Removing major-upgrade-pacemaker-converge.yaml and running deploy:

stack@instack:~>>> cat deploy.ha.ceph.ipv6.ssl.8.0

export THT=~/templates/my-overcloud-8.0
openstack overcloud deploy --templates $THT \
-e $THT/environments/network-isolation-v6.yaml \
-e ~/templates/network-environment-8.0-v6.yaml \
-e $THT/environments/storage-environment.yaml \
-e ~/templates/enable-tls.yaml \
-e ~/templates/inject-trust-anchor.yaml \
--control-scale 3 \
--compute-scale 1 \
--ceph-storage-scale 2 \
--ntp-server clock.redhat.com \
--libvirt-type qemu

ended with:

{
  "status": "FAILED", 
  "server_id": "9e1aca53-99b3-4d00-a825-678ef7c9348c", 
  "config_id": "cd969547-ca04-44b8-b819-1adf729e63fd", 
  "output_values": {
    "deploy_stdout": "Started yum_update.sh on server 9e1aca53-99b3-4d00-a825-678ef7c9348c at Thu Apr  7 12:52:02 UTC 2016\nDumping Pacemaker config\nChecking for missing constraints\n  start openstack-nova-novncproxy-clone then start openstack-nova-api-clone (kind:Mandatory)\n  start rabbitmq-clone then start openstack-keystone-clone (kind:Mandatory)\n  promote galera-master then start openstack-keystone-clone (kind:Mandatory)\n Clone Set: haproxy-clone [haproxy]\n  start haproxy-clone then start openstack-keystone-clone (kind:Mandatory)\n  start memcached-clone then start openstack-keystone-clone (kind:Mandatory)\n  promote redis-master then start openstack-ceilometer-central-clone (kind:Mandatory) (Options: require-all=false)\n  start neutron-server-clone then start neutron-openvswitch-agent-clone (kind:Mandatory)\nresource-stickiness: INFINITY\nSetting resource start/stop timeouts\nMaking sure rabbitmq has the notify=true meta parameter\nApplying new Pacemaker config\nERROR failed to apply new pacemaker config\n", 
    "deploy_stderr": "Error: unable to push cib\nCall cib_replace failed (-205): Update was older than existing configuration\n\n", 
    "update_managed_packages": "false", 
    "deploy_status_code": 1
  }, 
  "creation_time": "2016-04-06T10:47:19", 
  "updated_time": "2016-04-07T12:52:21", 
  "input_values": {}, 
  "action": "UPDATE", 
  "status_reason": "deploy_status_code : Deployment exited with non-zero status code: 1", 
  "id": "37bb7abe-f286-44d3-8089-0e5f798815b0"
}

Comment 4 Alexander Chuzhoy 2016-04-07 13:11:21 UTC

I'm able to scale down from the failed scale up just fine. Tried several times already.

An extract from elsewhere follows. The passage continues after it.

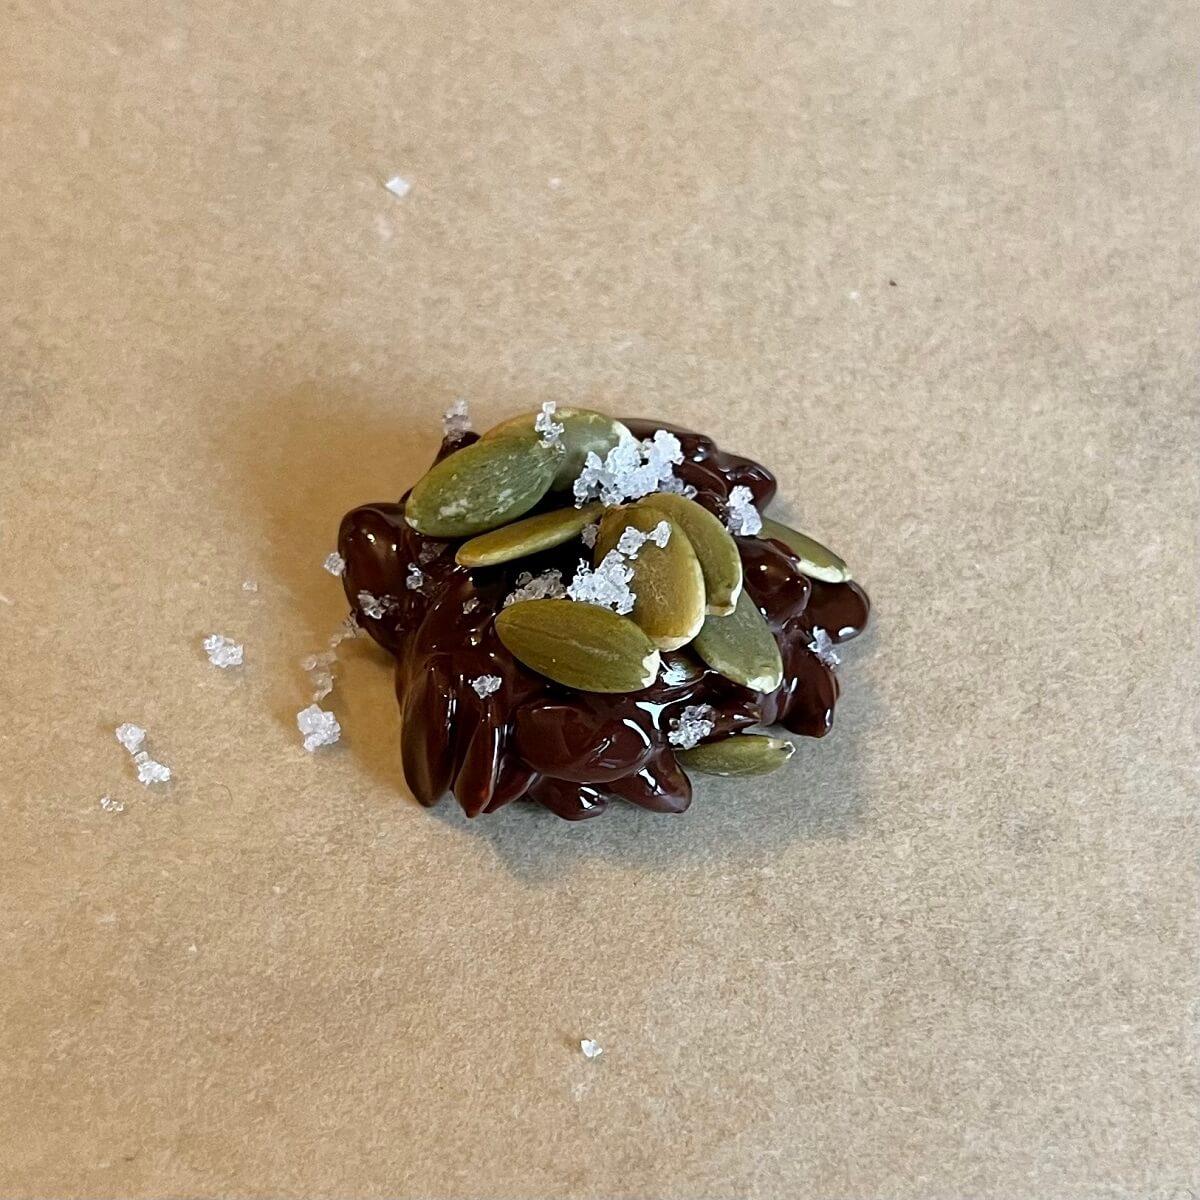 A chocolate pumpkin seed cluster on a piece of parchment paper.
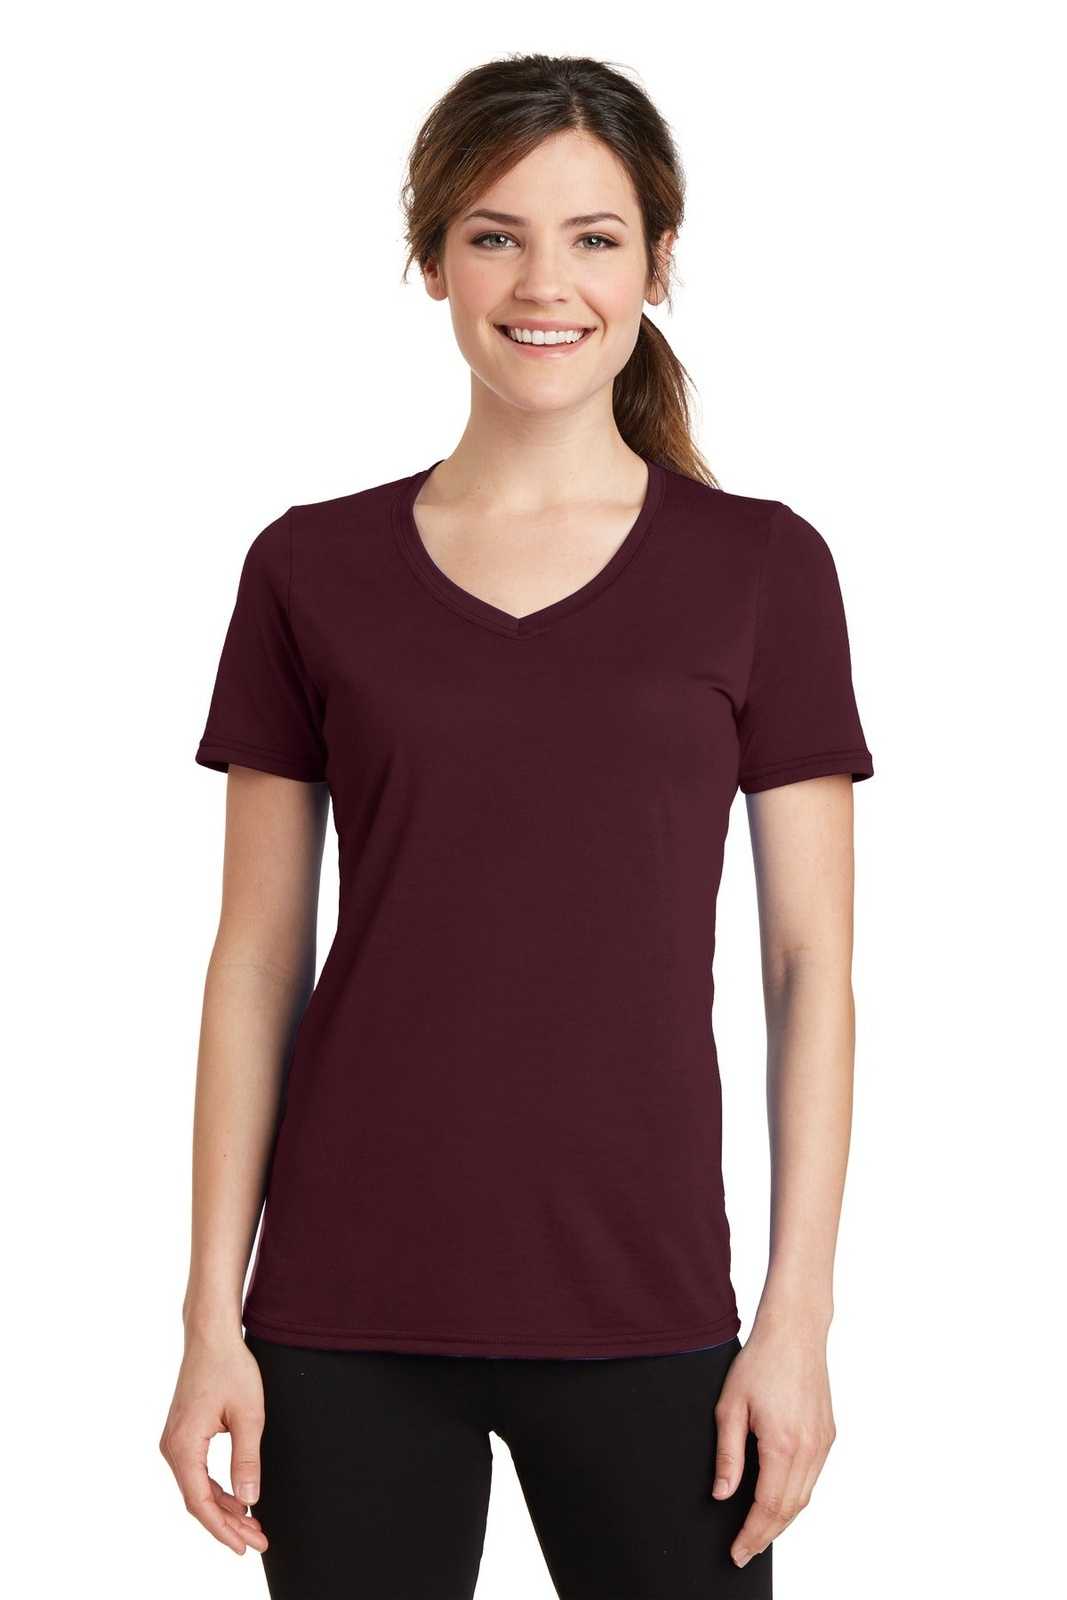 Port & Company LPC381V Ladies Performance Blend V-Neck Tee - Athletic Maroon - HIT a Double - 1

Comment 5 Jaromir Coufal 2016-04-07 13:39:41 UTC

No blocker, there is revert back, quick 0 day or close to that day async is fine.

Comment 6 Jiri Stransky 2016-04-12 17:12:54 UTC

T-h-t part submitted too [1] but to allow the upgrades job to pass upstream, 2 more patches need to be merged first [2][3].

The upstream upgrades job doesn't test full upgrades just yet, but it tests a stack-update, so it does test the involved code at least partially.

[1] https://review.openstack.org/#/c/304094
[2] https://review.openstack.org/#/c/296592
[3] https://review.openstack.org/#/c/304592

Comment 7 Alexander Chuzhoy 2016-04-14 15:56:47 UTC

After adding "UpdateIdentifier:" to the parameter_defaults section of the included environmant file, was able to re-run the deployment command successfully post upgrade.